# Choose my name!



## LOVEisGOLDEN (Jan 4, 2008)

OK, we have narrowed it down to 3-please vote for your favorite (or last minute suggestion Thanks!


----------



## LOVEisGOLDEN (Jan 4, 2008)

Ella was my pick from the start, Luka came from DH (sounds like a male name to me) anyway we are both ok with Chloe (but I still love Ella!) she doesn't respond to either. we tested Layla with "Ella, come!" (in the same tone I use for "Layla, come!") and she didn't respond. we were worried that they might be too similar.


----------



## Ninde'Gold (Oct 21, 2006)

I'm pretty sure Luka was the name of one of the evil lion cubs from the Lion King....


----------



## missmarstar (Jul 22, 2007)

luka is def a boy name.... i picked chloe.. mght as well pick a name u and ur hubby both like


----------



## Ash (Sep 11, 2007)

GoldenLover84 said:


> I'm pretty sure Luka was the name of one of the evil lion cubs from the Lion King....


I thought the evil one was Nuka not Luka.

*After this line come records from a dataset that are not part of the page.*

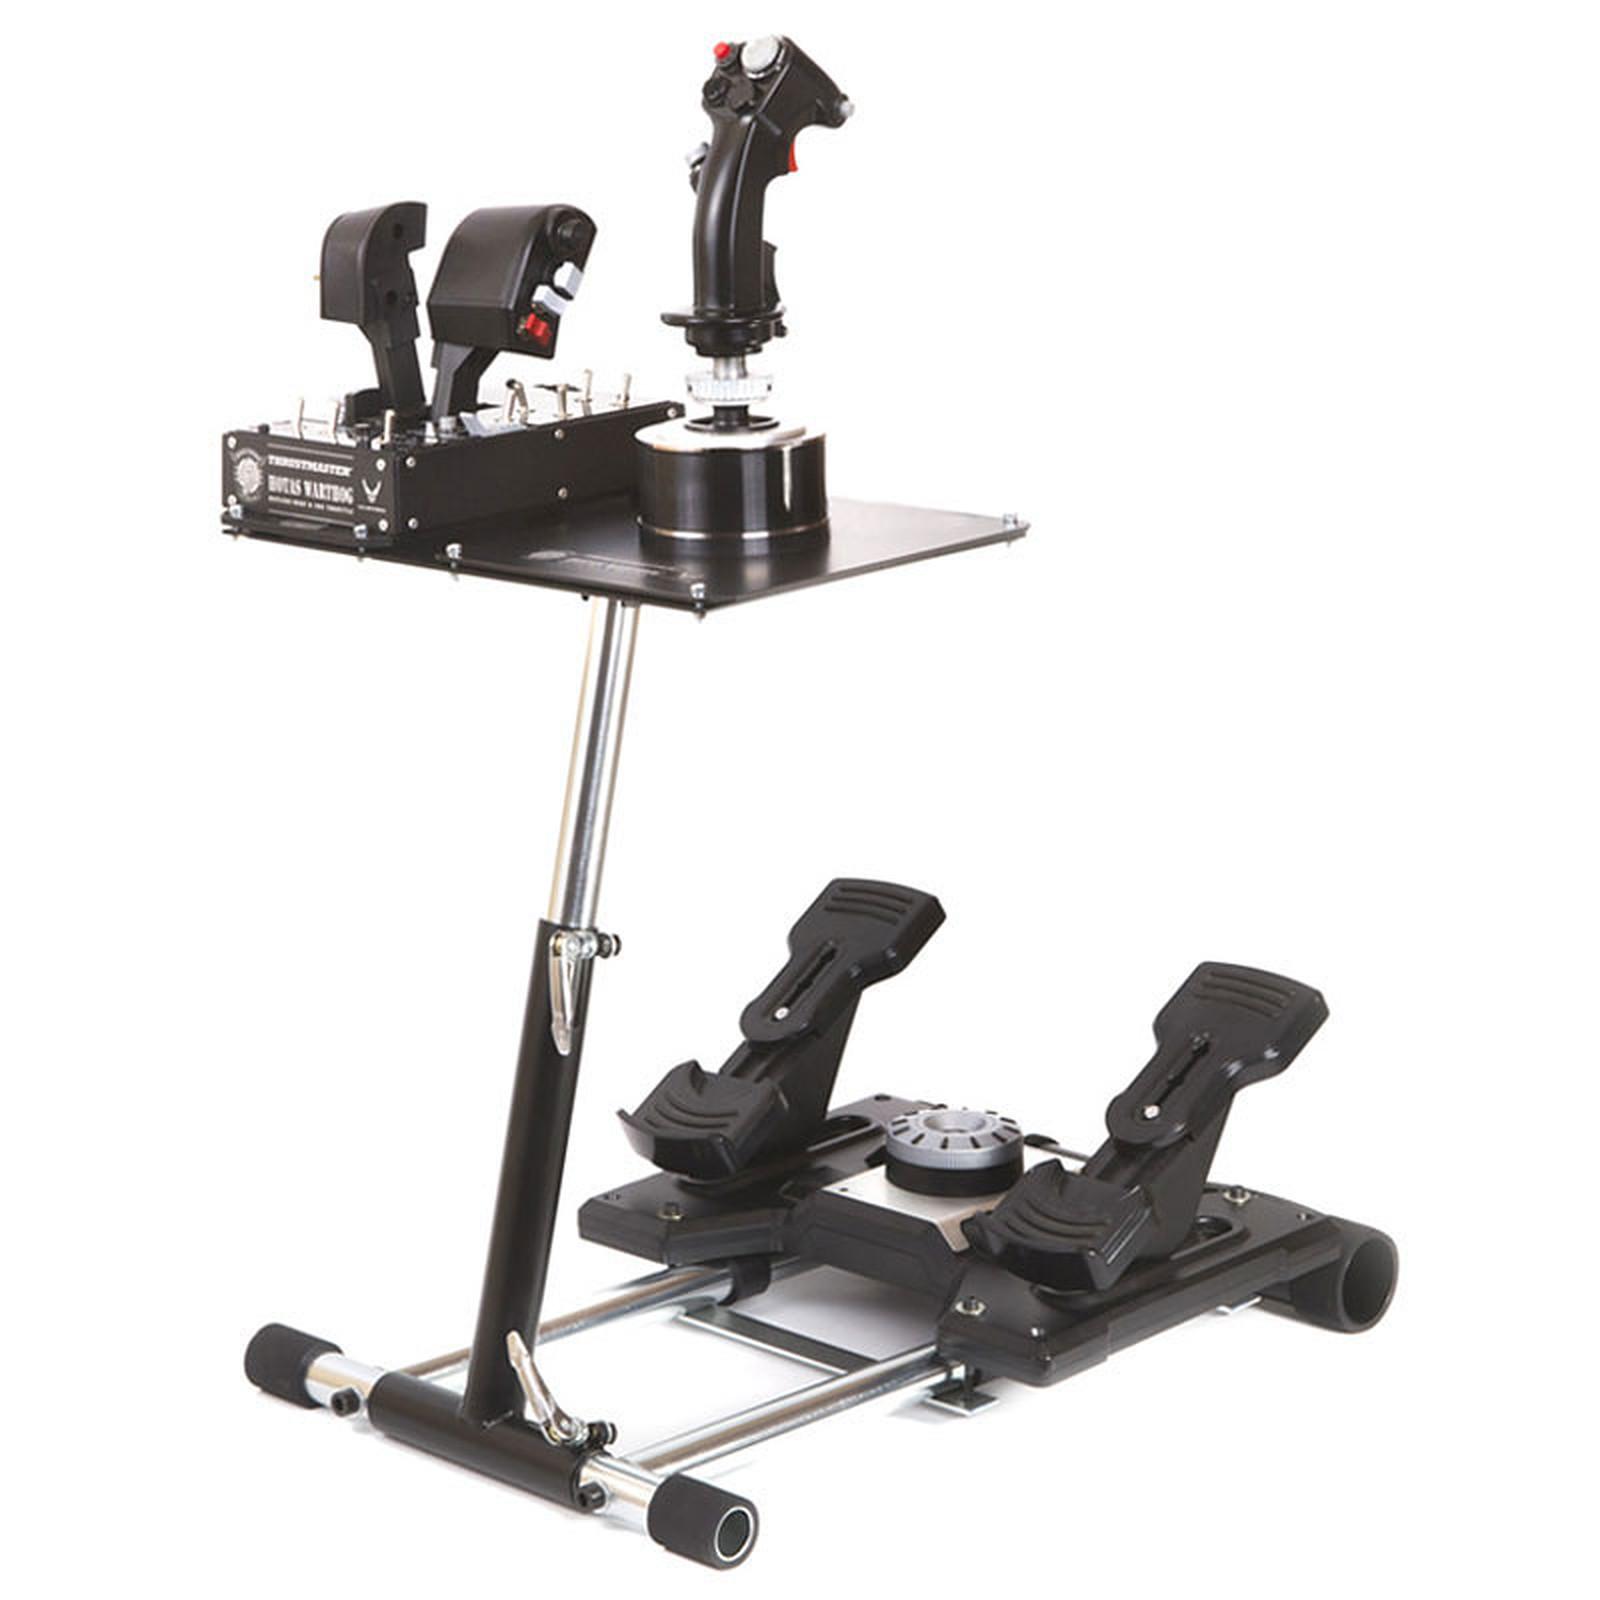 thrustmaster hotas warthog wheel stand pro v2 joystick. Black Bedroom Furniture Sets. Home Design Ideas
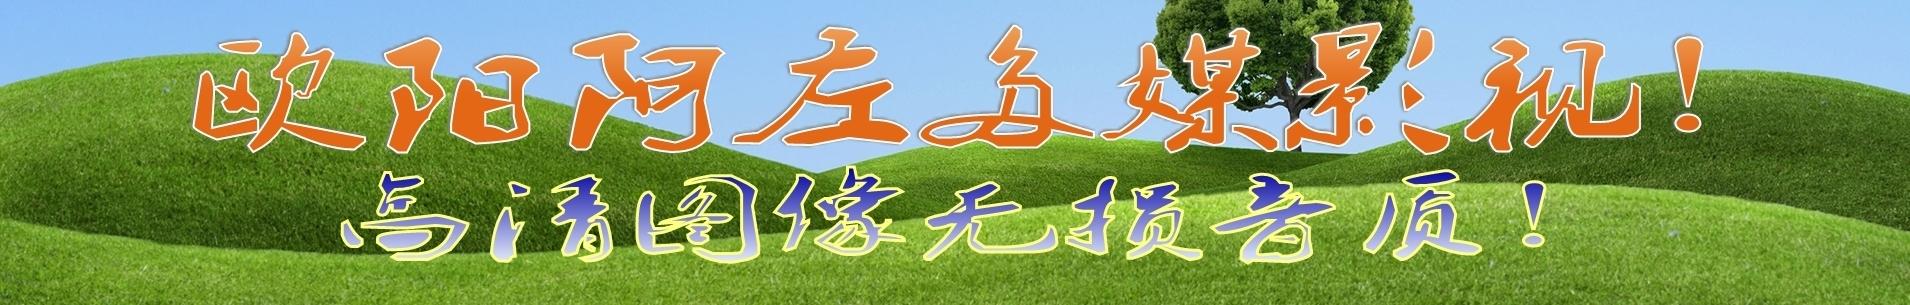 欧阳阿左 banner
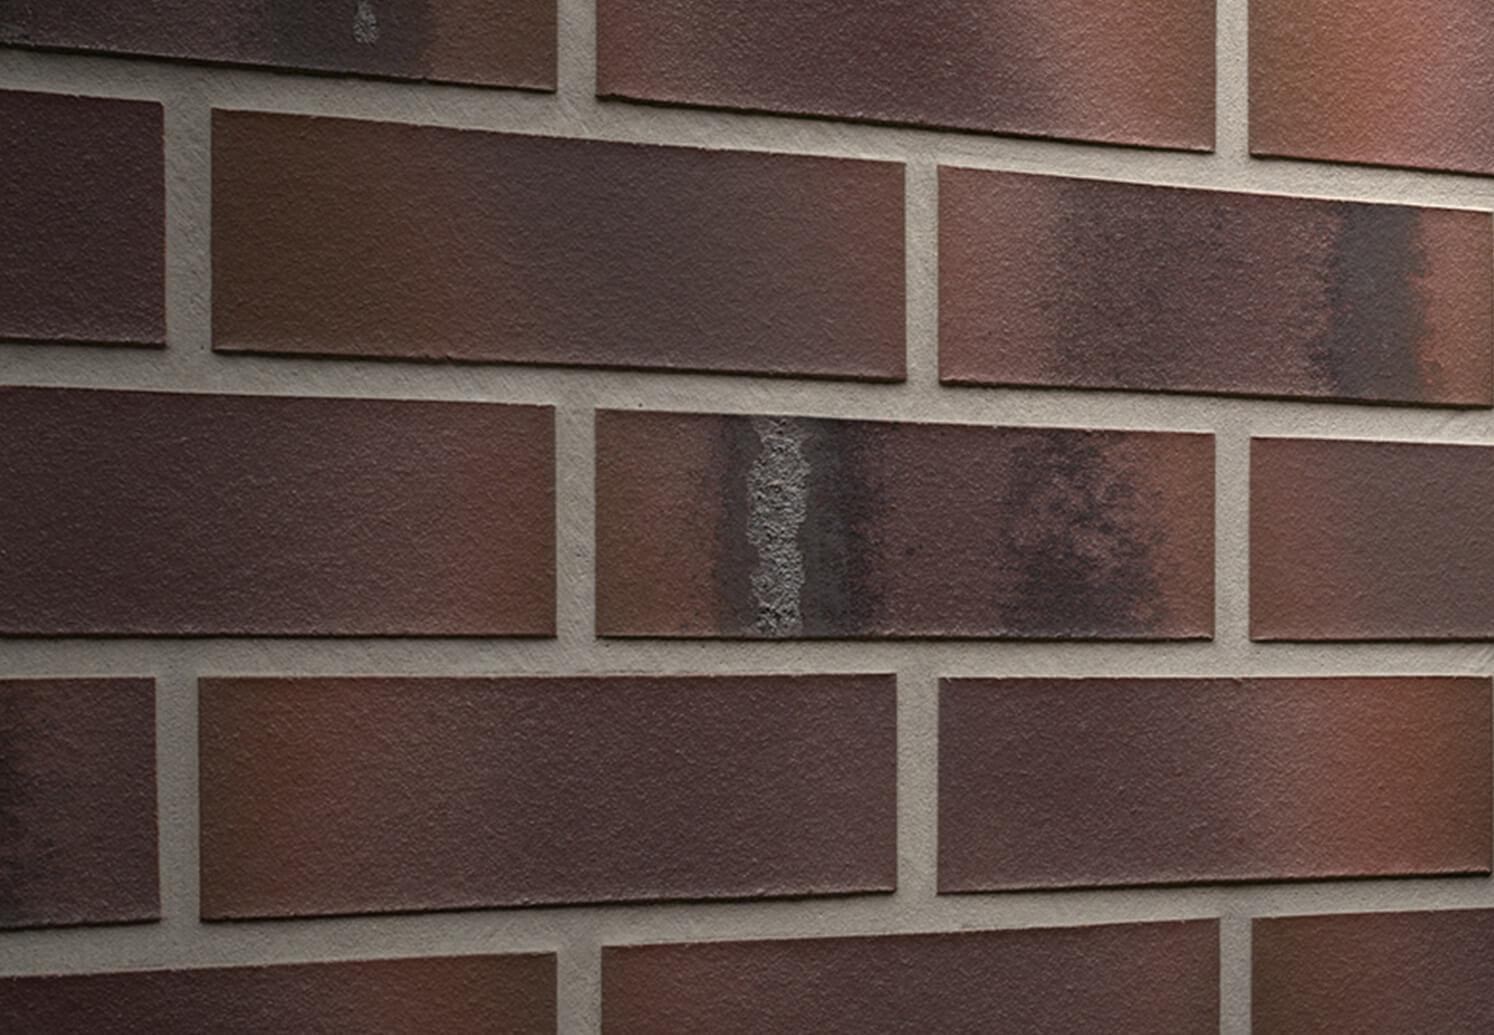 Feldhaus Klinker - R561NF14, Carbona Carmesi Maritimo, 240x14x71 - Клинкерная плитка для фасада и внутренней отделки
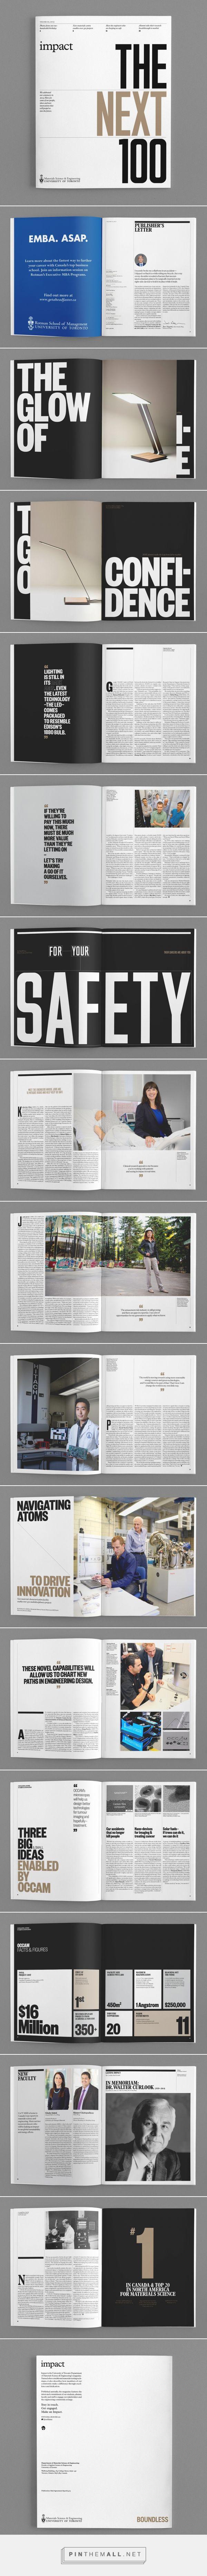 Impact Magazine, Issue 3 on Behance

Anyways, I voted Luka.


----------



## LOVEisGOLDEN (Jan 4, 2008)

http://www.youtube.com/watch?v=RZyxYL753w4 this is where Luka came from


----------



## LuvmyScooter (Mar 18, 2008)

looks like a Kelsey to me, what doll babies they are


----------



## MaddieMagoo (Aug 14, 2007)

I picked Chloe...she looks like a Chloe to me...! So I went for Chloe!


----------



## LOVEisGOLDEN (Jan 4, 2008)

LuvmyScooter said:


> looks like a Kelsey to me, what doll babies they are


so funny that you said that! Kelsey was one of the first names we discussed!


----------



## Merlins mom (Jun 20, 2007)

I like Ella! But if you not sure about Ella, maybe Stella!


----------



## 3SweetGoldens (Feb 28, 2007)

I agree...I voted for Chloe too....she really does look like a little Chloe!


----------



## LOVEisGOLDEN (Jan 4, 2008)

looks like Chloe is pulling ahead! I no longer really care, I'm just sick of referring to her as "the other one, the little one, her, you-come!" we are going to the vet in the morning & it would be nice to have a real name to enter on her files!


----------



## gold'nchocolate (May 31, 2005)

Luka is a little boy in the video. She is definitely very girlish looking but a male name can become a girly name just by who the name belongs to (I named my daughter *Farley* Ann and she makes the name feminine because she is feminine).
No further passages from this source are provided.